Ahmadineżad: skończył się czas zastraszania
Prezydent Iranu Mahmud Ahmadineżad potwierdził "niezbywalne" prawo swego kraju do energii jądrowej, oświadczając iż "skończył się czas zastraszania".
09.03.2006 | aktual.: 09.03.2006 12:12
Irański prezydent podkreślił, że Irańczycy mówią w sprawie programu atomowego jednym głosem a naciski "pewnych mocarstw" nie zmuszą narodu do zmiany stanowiska.
Ahmadineżad wypowiadał się w dzień po zakończeniu posiedzenia zarządu wiedeńskiej Międzynarodowej Agencji Energii Atomowej (MAEA), po którym przekazano do Rady Bezpieczeństwa ONZ ostatni raport organizacji w sprawie irańskiego programu.
Przekazanie raportu formalnie otwiera Radzie możliwość interwencji w sprawie, w tym także - uchwalenia sankcji antyirańskich, gdyby Teheran nie zaaprobował żądań zarówno MAEA jak i Rady Bezpieczeństwa.
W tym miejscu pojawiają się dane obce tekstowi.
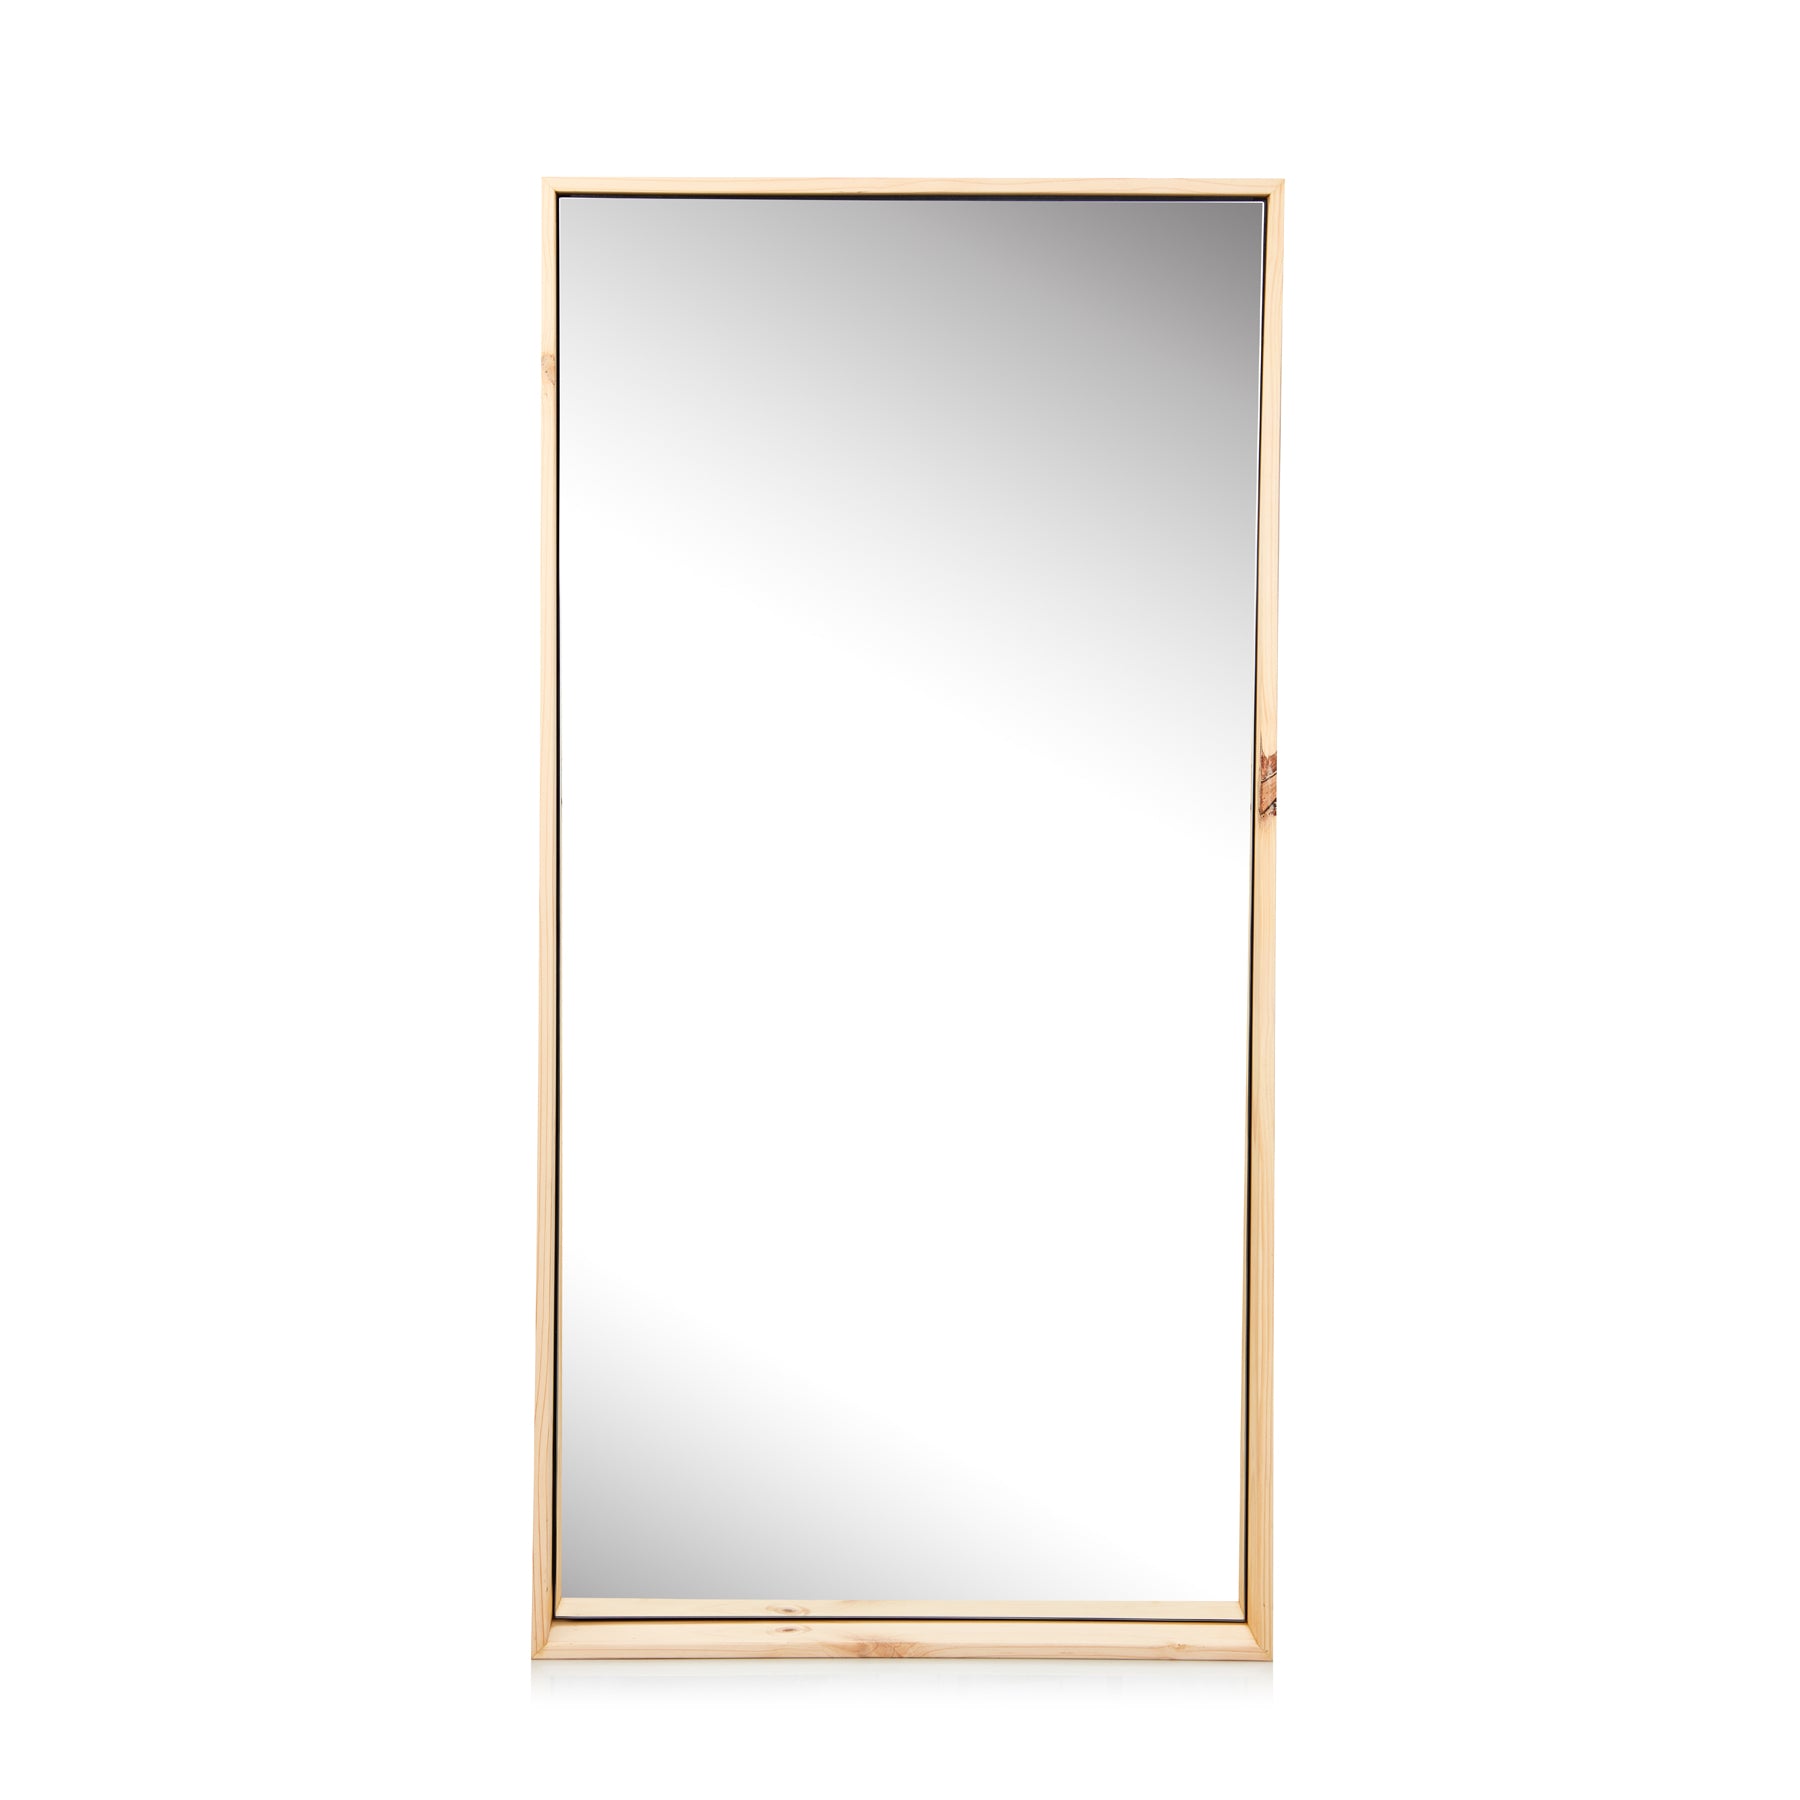 Jupiter Leaning Mirror - Natural Finish - Paramount Mirrors and Prints

W przekazanym RB ONZ raporcie zażądano, by Iran wstrzymał realizację swego programu atomowego i nawiązał współpracę z Agencją.
Już w kilka godzin po zakończeniu wiedeńskiego posiedzenia, w Nowym Jorku doszło do spotkania przedstawicieli pięciu stałych członków RB ONZ (USA, W. Brytanii, Francji, Rosji i Chin), którzy wstępnie omówili kwestię reakcji Rady na irańskie dossier.
Zdaniem AFP, Rada Bezpieczeństwa ONZ formalnie zajmie się sprawą Iranu już w najbliższy poniedziałek lub wtorek. Debata zdaniem obserwatorów może okazać się "gorąca", przede wszystkim ze względu na sprzeciw Rosji i Chin wobec sankcji i naciski na ich rzecz ze strony USA.
Chiny w czwartek zaapelowały do "stron" o powstrzymanie się przed działaniami, mogącymi spotęgować napięcia i wskazały, iż nadal możliwe jest wynegocjowanie porozumienia. Z kolei Rosja uznała że decyzja w sprawie odesłania sprawy irańskiego programu do RB ONZ była zbyt pośpieszna i tym samym może podważyć autorytet MAEA. Jak powiedział w wywiadzie dla telewizji rosyjskiej minister spraw zagranicznych Siergiej Ławrow, przekazanie sprawy do RB ONZ może zostać odebrane jako dowód, że MAEA nie była w stanie w żaden sposób wpłynąć na Teheran. Ławrow wskazał też, że historia pokazuje, że jak do tej pory ONZ-owskie sankcje w ani jednym przypadku nie przyniosły oczekiwanych wyników.